▶ _Supplied information_
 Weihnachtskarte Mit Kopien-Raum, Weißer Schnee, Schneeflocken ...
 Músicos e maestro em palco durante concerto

* * *

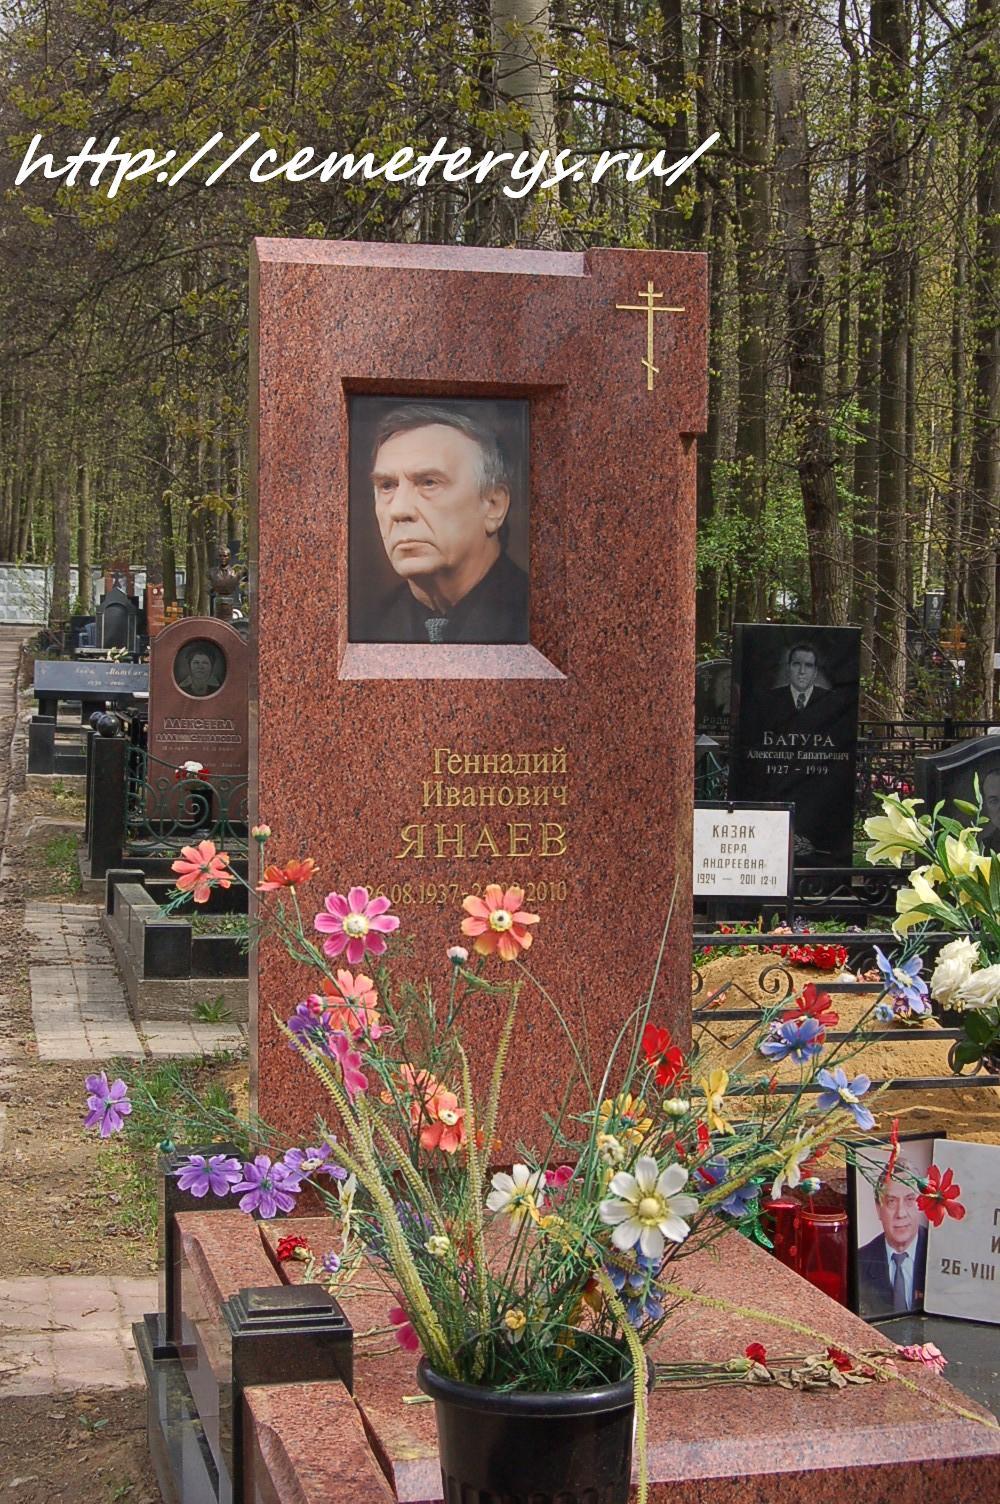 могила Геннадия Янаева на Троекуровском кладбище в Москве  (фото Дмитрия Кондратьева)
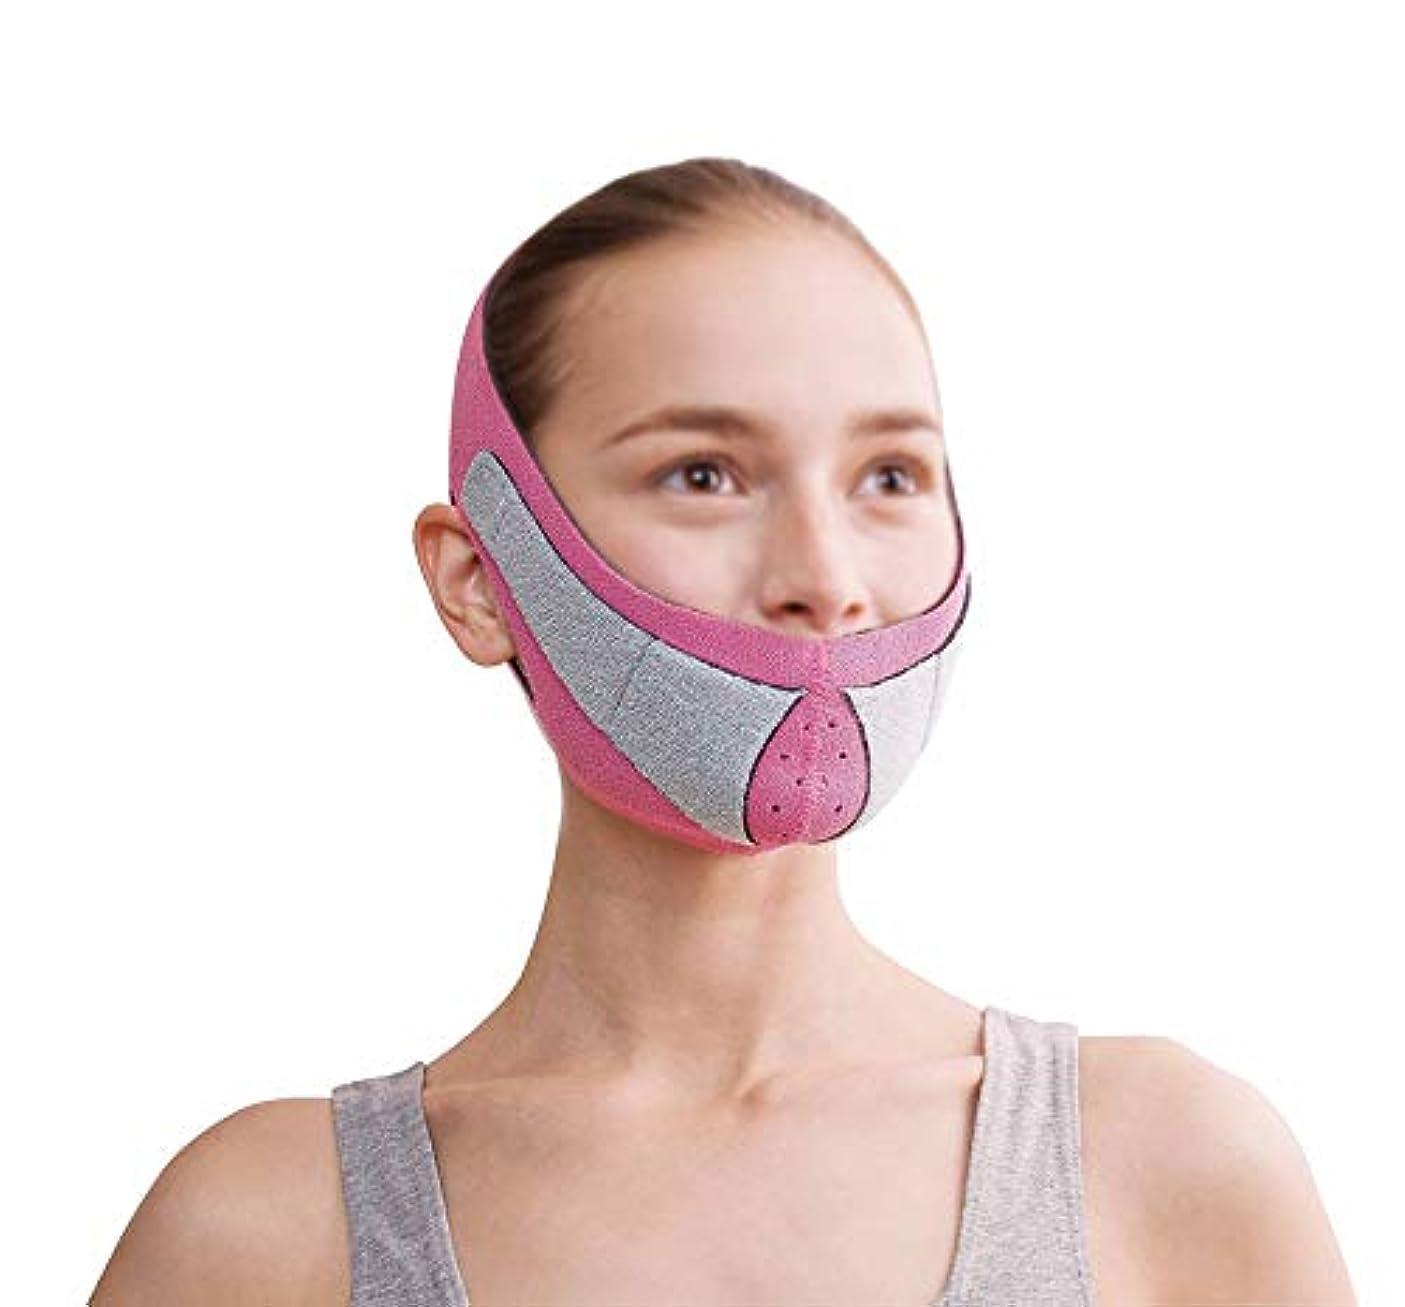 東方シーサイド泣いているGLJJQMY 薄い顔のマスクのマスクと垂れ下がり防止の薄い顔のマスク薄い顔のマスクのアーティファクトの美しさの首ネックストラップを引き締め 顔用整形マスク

--

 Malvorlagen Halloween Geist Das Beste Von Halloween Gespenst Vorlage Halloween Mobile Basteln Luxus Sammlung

▶ _Directions for this task_
Using the data above, repeat exactly the lines that begin at the line with "Weihnachtskarte Mit Kopien-Raum, Weißer" and end at the line with "Músicos e maestro em palco durante concerto", both ends included.

▶ _Task output_
 Weihnachtskarte Mit Kopien-Raum, Weißer Schnee, Schneeflocken ...
 Músicos e maestro em palco durante concerto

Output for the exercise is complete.